To do: Go to the line with "Mars-missions-success" in the records below, then output it and each following line exactly, up to and including the line with "Fox 5 San Diego, Wednesday Mornings". Skip pictures and add nothing.

Task material:
=====
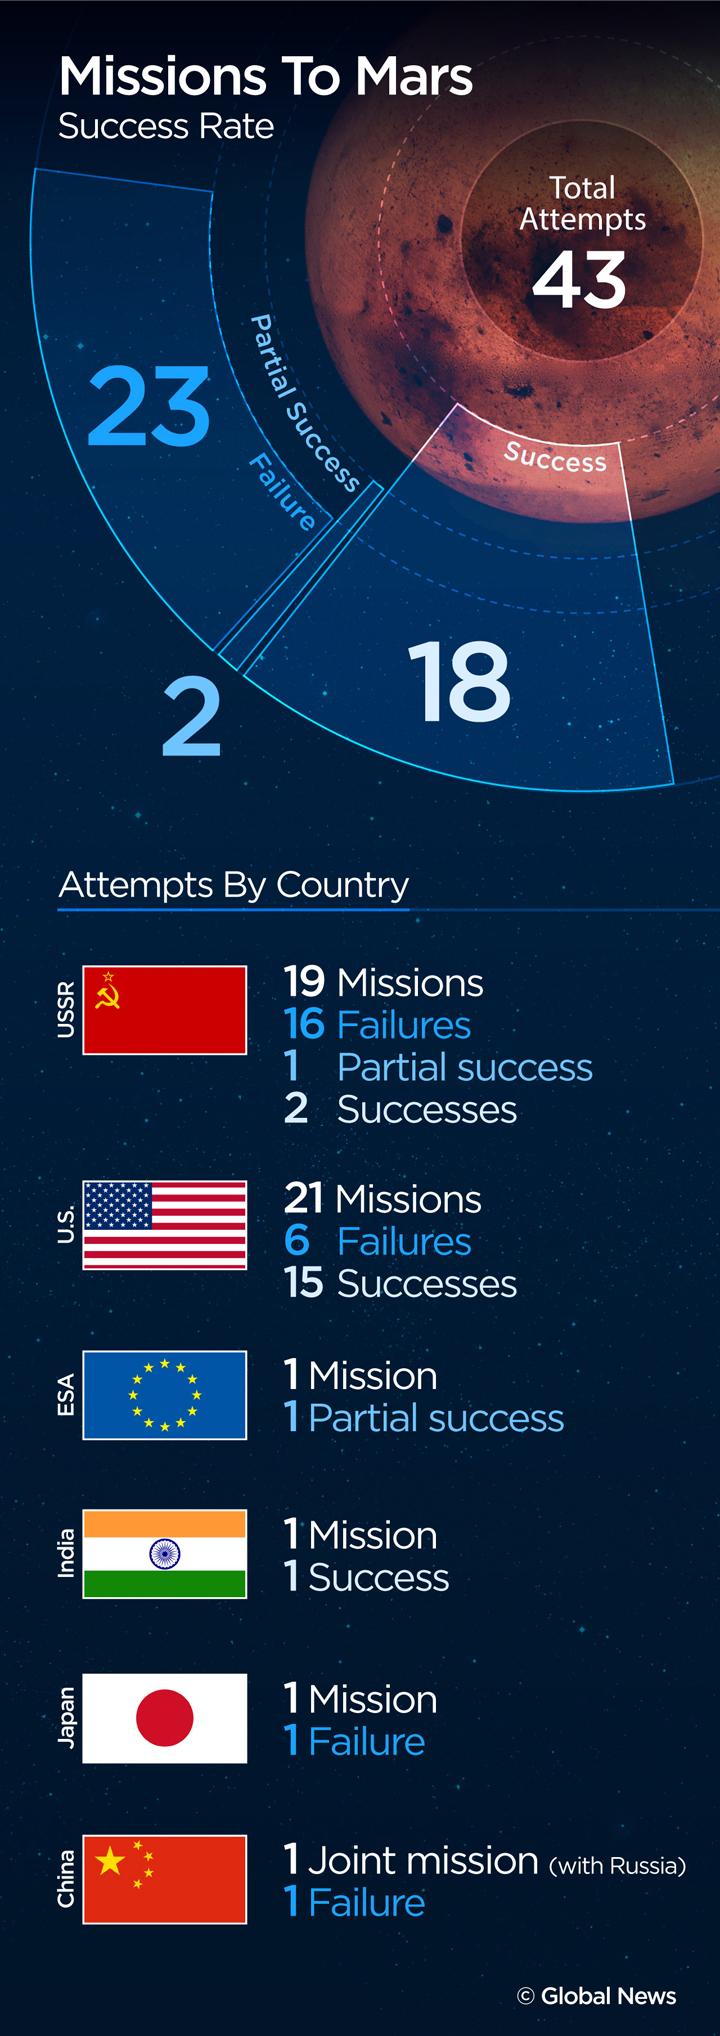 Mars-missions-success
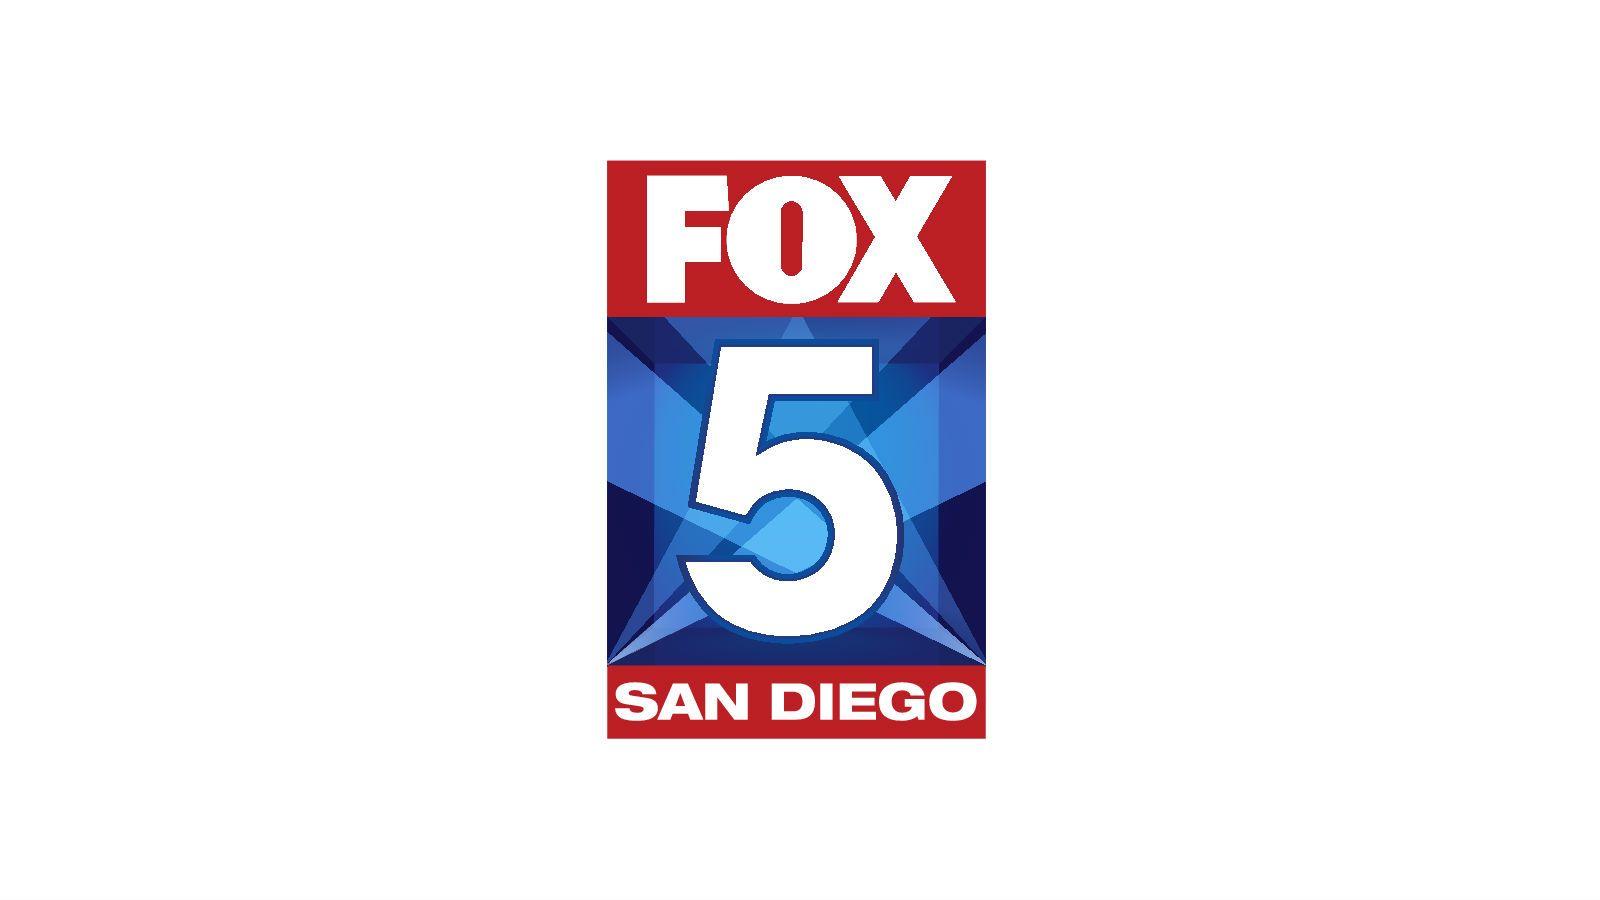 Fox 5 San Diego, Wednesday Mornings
=====
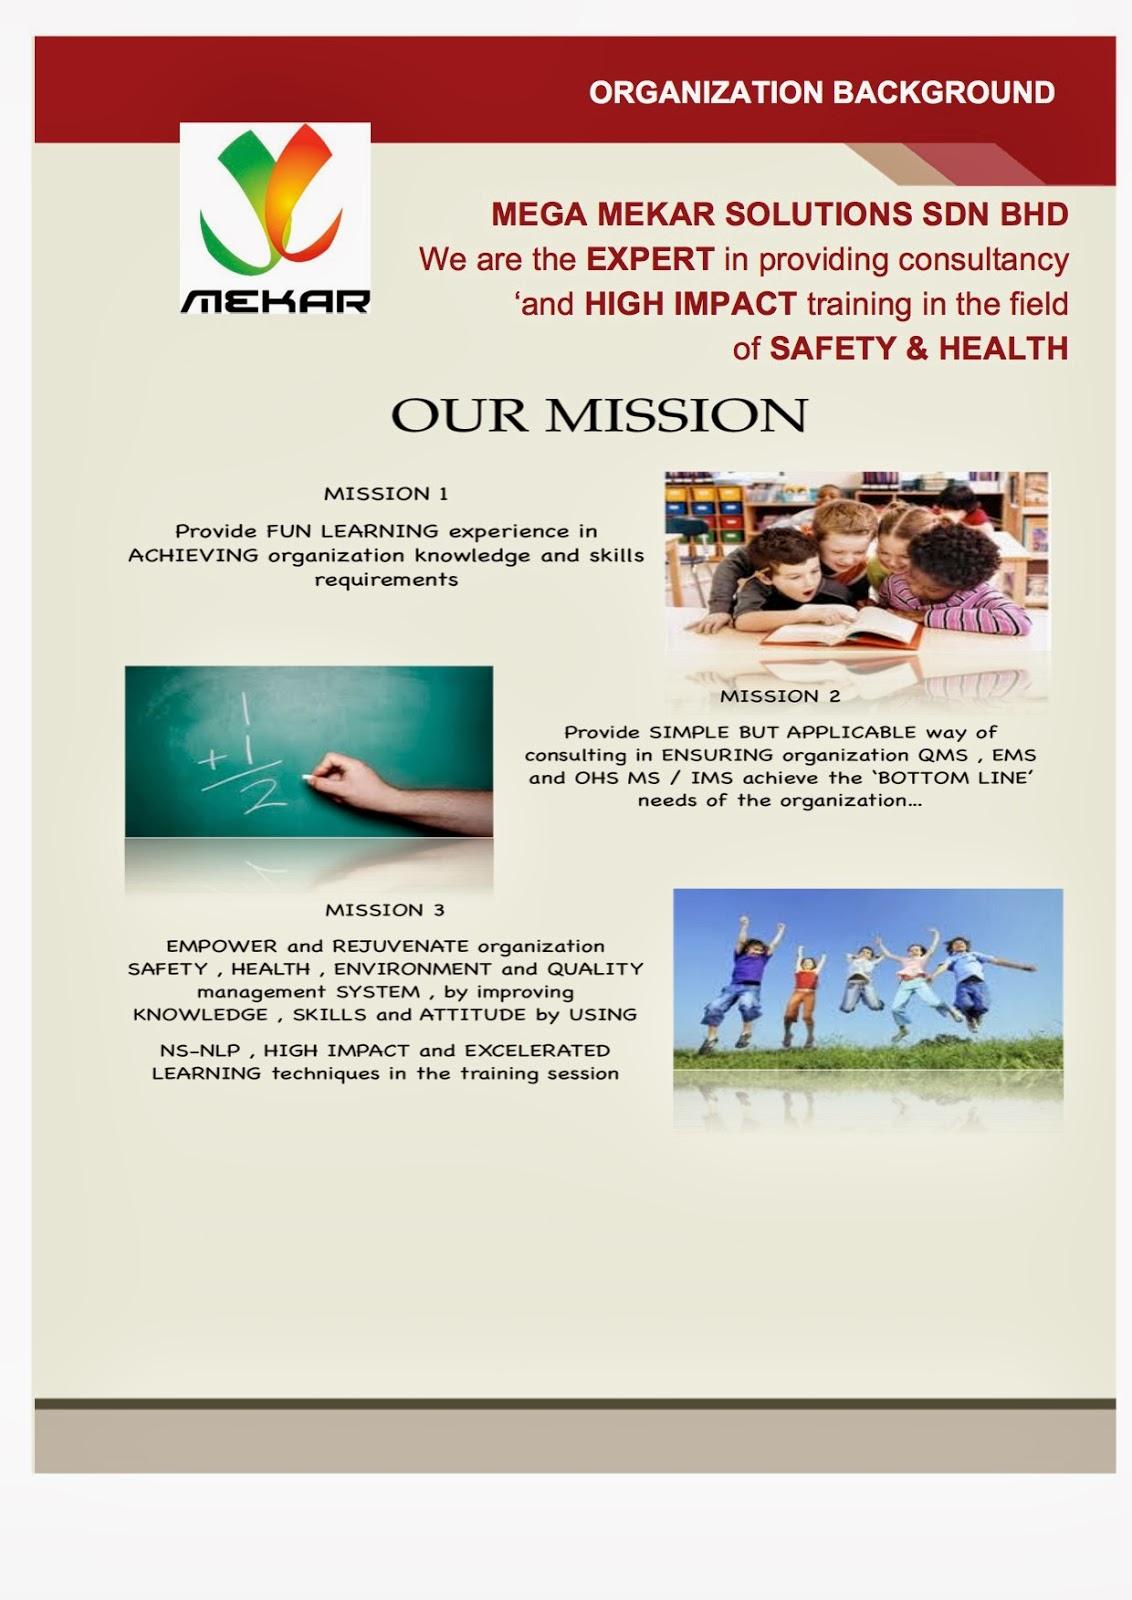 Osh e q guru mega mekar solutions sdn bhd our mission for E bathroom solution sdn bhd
=====
Exercise answer:
 Mars-missions-success
 Fox 5 San Diego, Wednesday Mornings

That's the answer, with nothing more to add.